When you are an introverted person from a subculture that encourages introverts, the low-energy state is not talking to other people about your feelings. That is the default -- not just as culturally imposed but as internally experienced. That is what you can do when you can't manage to do anything else. Extroverted people from cultures that encourage extroverts will often encourage us not to "keep it all bottled up," to "let our feelings out." So will extroverts who were raised in an introvert culture and have found other options. This is using the wrong metaphor. For a naturally extroverted person whose subculture has encouraged them to be an extrovert -- say, for an extroverted woman from the south -- it takes energy not to go, "Aaaaagh, this is driving me crazy, I am so frustrated, here are the things bothering me right now, aaaaagh!"
But that's not what's going on when you have an introvert from an introverted culture. If you treat us like we are really like you deep down and are inexplicably forcing ourselves not to be for weird cultural reasons, you will become confused, and your feelings will probably be hurt. "I thought we were really good friends," you will say to yourself. "Why didn't she know she could come cry on my shoulder? Why didn't she feel she could tell me how she's feeling about these things that were bothering her about her life right now? They're big things! They're upsetting things! Why would she bottle it up like that?"
Sometimes the answer is that you are really good friends, and she does know she can come cry on your shoulder, but she just didn't feel like doing that. Sometimes it's that she didn't feel like she had enough energy to do that. And that because you are such good friends she figured you would understand, once you knew the basic facts themselves, how she must be feeling. When someone's -- oh, gosh, I'm having trouble coming up with an example that's obviously close and yet not true of anyone specific on the friendslist at the moment -- anyway, when someone close to you dies, the other people close to you know that you are sad and upset. Or when there is a bad medical problem. Or a big relationship problem, or a big job problem. Or etc. Telling you about her feelings takes more energy than not telling you, and that may not be energy she has at that time.
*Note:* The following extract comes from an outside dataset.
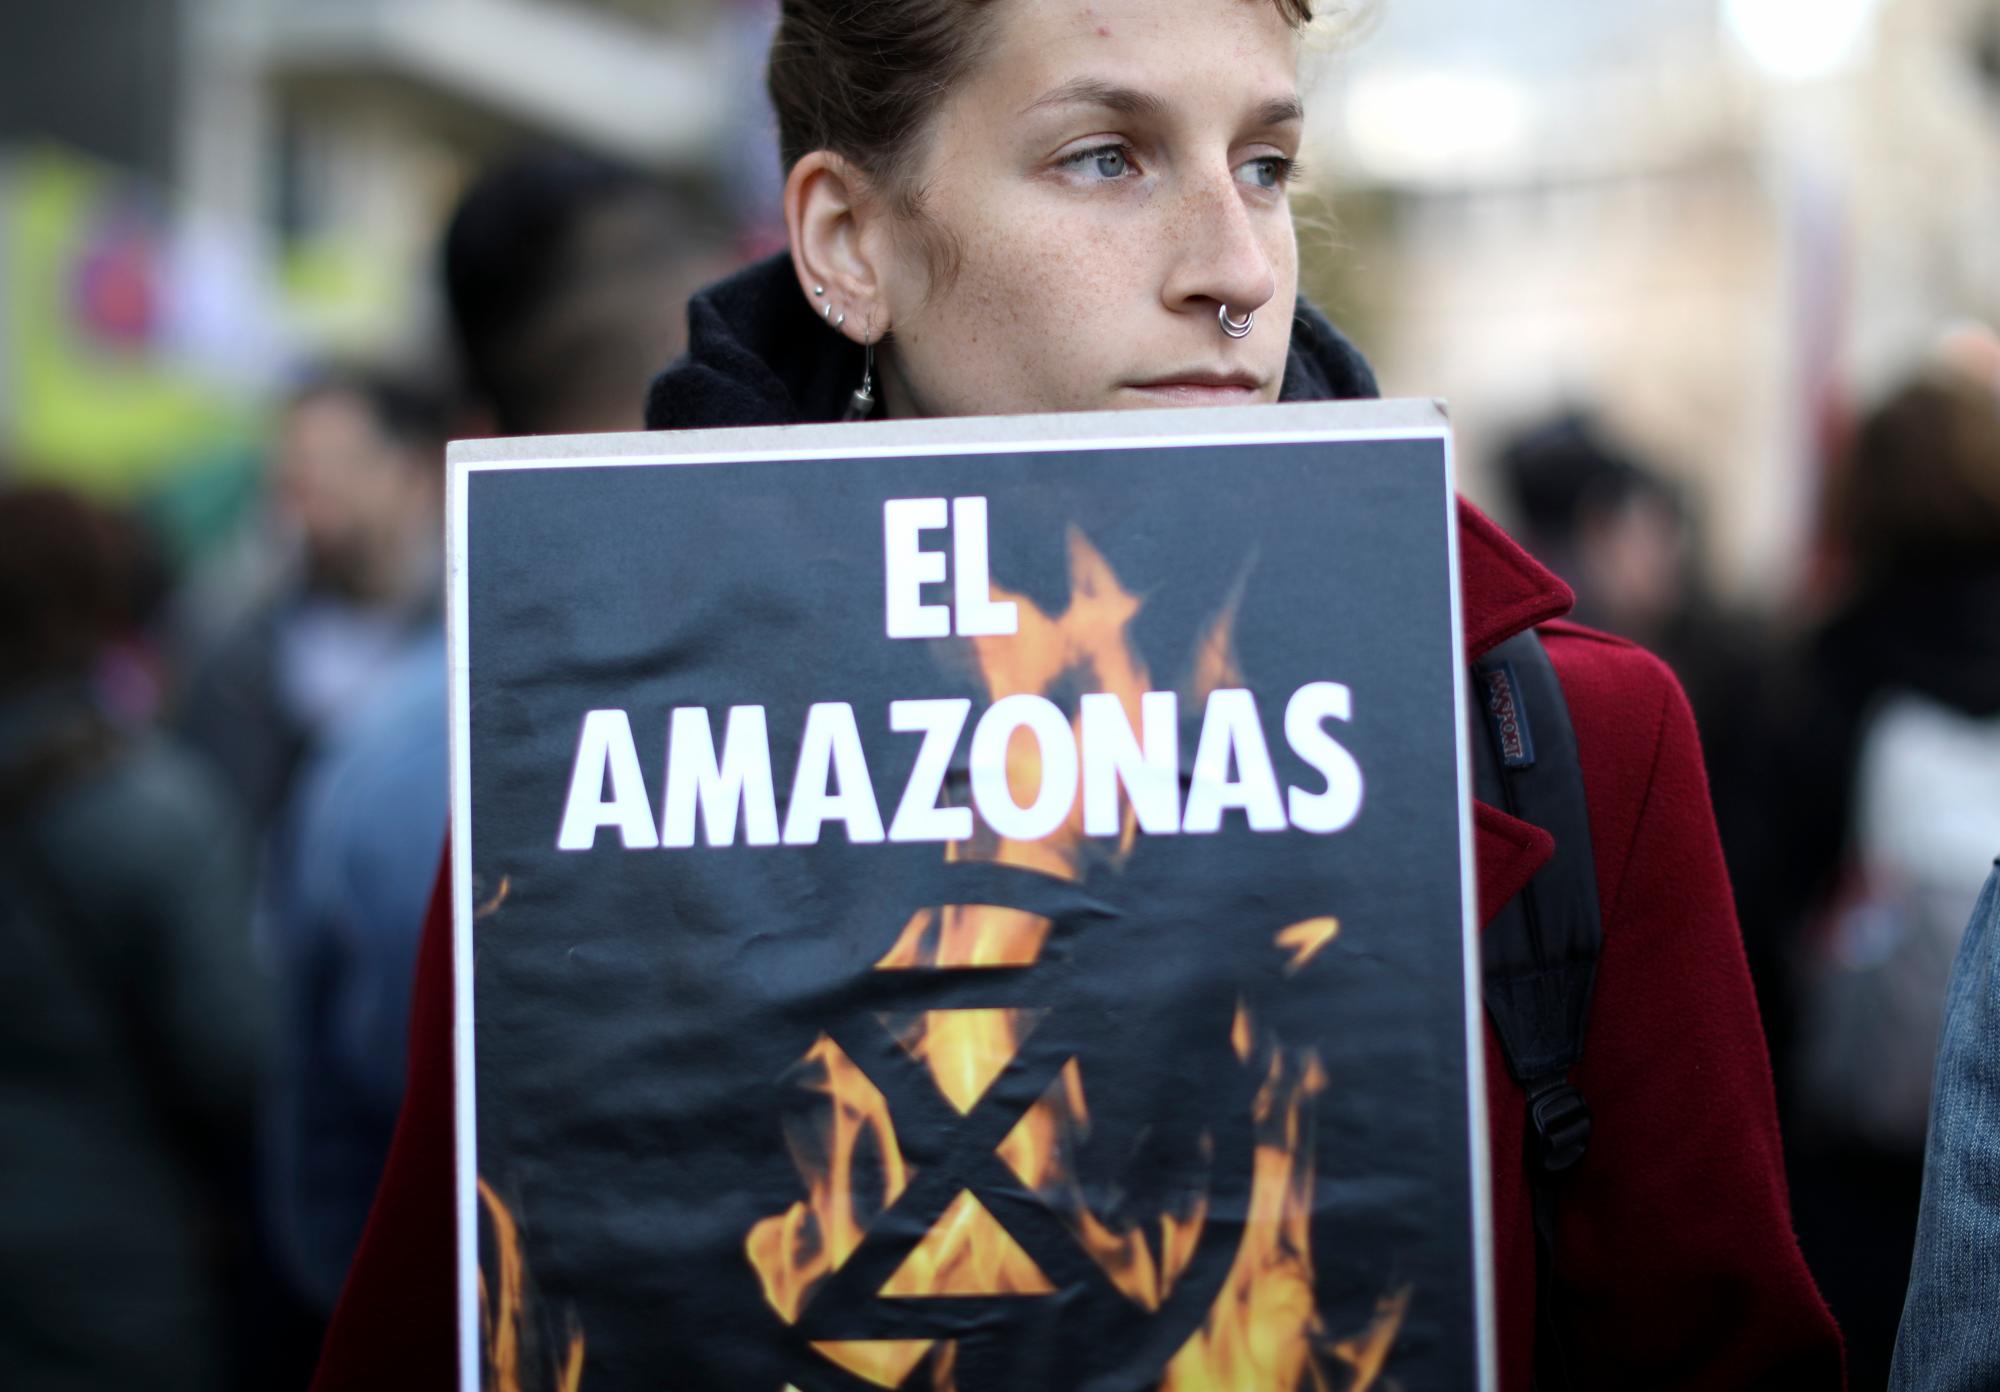 Una mujer sostiene un cartel que dice en español “El Amazonas está en llamas” durante una protesta frente a la Embajada de Brasil para pedirle al presidente de Brasil, Jair Bolsonaro, que actúe para proteger la selva amazónica, en Buenos Aires, Argentina, el viernes 23 de agosto de 2019.

This is all sounding like the Minnesotan way of saying, "Hey, I'm really not doing well," and I have to say that the last week has not gone well where the vertigo is concerned. Things have not been good. I have, for example, discovered that among mothers' least-favorite sentences over the phone is, "It really hardly counts as a burn; it's barely even there today." my habit of focusing on the good news is apparently not as reassuring as I'd hoped: "Neither the picture nor the vacuum cleaner was broken," in bright and cheerful tones, does not turn out to result in people going, "Oh, good! Glad to hear it! How nice for you then!" Sentences like, "Oh, I meant to tell you: both the gibbon and my uncle survived!" seem to strike me as more appropriate for leading into stories than they do other people. (People who have not conversed with me live and in person: be forewarned. I do this all the time.)
But mostly I've been thinking about this for other people, as a general idea. Not universally true of all introverts or all Minnesotans or at all times. Just -- something to consider. That when an introvert from an introvert-encouraging culture or subculture takes the time to talk about feelings with you, it may be because they are making an effort for your sake, because they know it's important to you, and not because letting it all out is what they really truly need. You may be letting it all out of the pressurized bottle. They are pulling it up from a well, bucket by bucket. And sometimes it's okay to sit down with them next to the well and just let them rest, put your hand on their shoulder and point out a funny-shaped cloud if you see one.